Auch bei Mehrfamilienhäusern in der Schweiz bietet die Eigenverbrauchsoptimierung grosses Potenzial. Im Rahmen eines ZEV (Zusammenschluss zum Eigenverbrauch) können Mieter und Eigentümer gemeinsam vom Solarstrom profitieren. Die Abrechnung erfolgt über Smart Meter, und der Solarstrom wird typischerweise zu einem Preis zwischen dem Einspeise- und dem Netzbezugstarif abgerechnet. Kantone wie Zürich, Bern und Luzern fördern solche Gemeinschaftslösungen aktiv. Die Eigenverbrauchsquote in einem MFH mit sechs bis acht Parteien liegt typischerweise bei 40 bis 55 Prozent, da sich die Verbrauchsprofile der verschiedenen Haushalte ergänzen.

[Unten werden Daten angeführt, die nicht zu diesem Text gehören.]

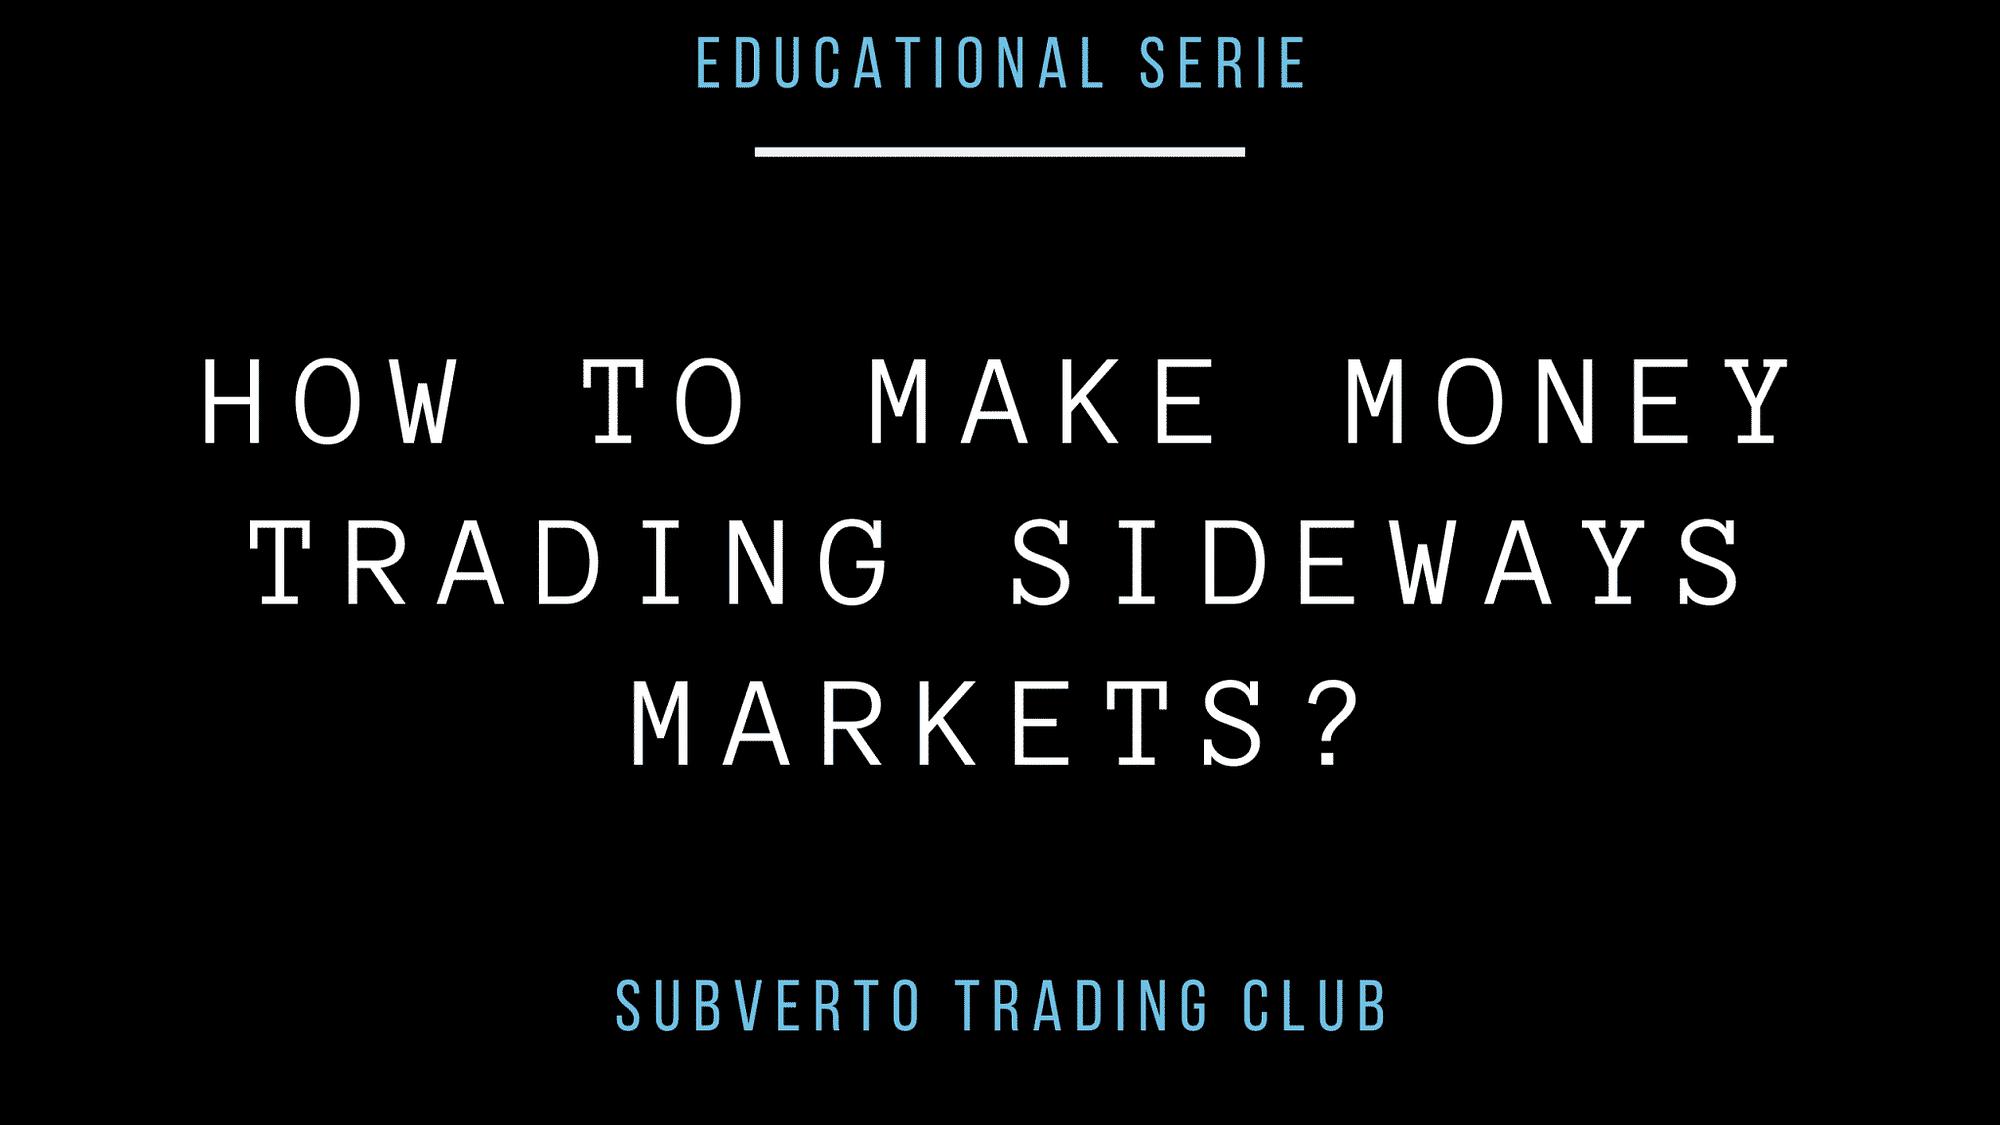 Bitcoin how to make money trading sideways market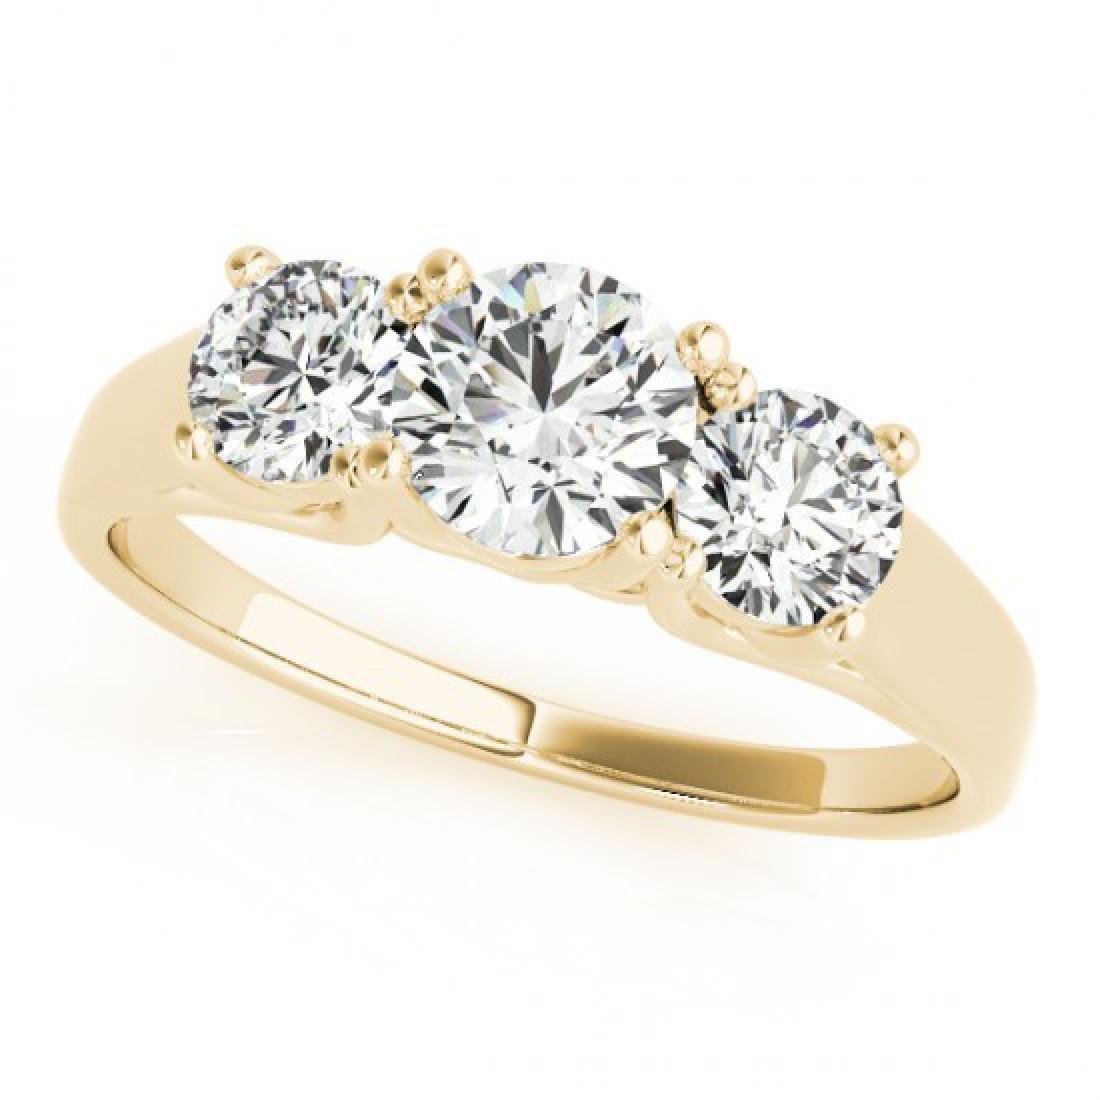 1.3 CTW Certified VS/SI Diamond 3 Stone Ring 14K Yellow

Für eine realistische Planung empfiehlt es sich, den eigenen Verbrauch über mindestens drei Monate mit einem Smart Meter zu messen, bevor die Solaranlage dimensioniert wird. Viele Schweizer Installateure bieten eine kostenlose Verbrauchsanalyse an. Dabei werden die Lastprofile ausgewertet und massgeschneiderte Empfehlungen für die Anlagengrösse und Optimierungsstrategie erstellt.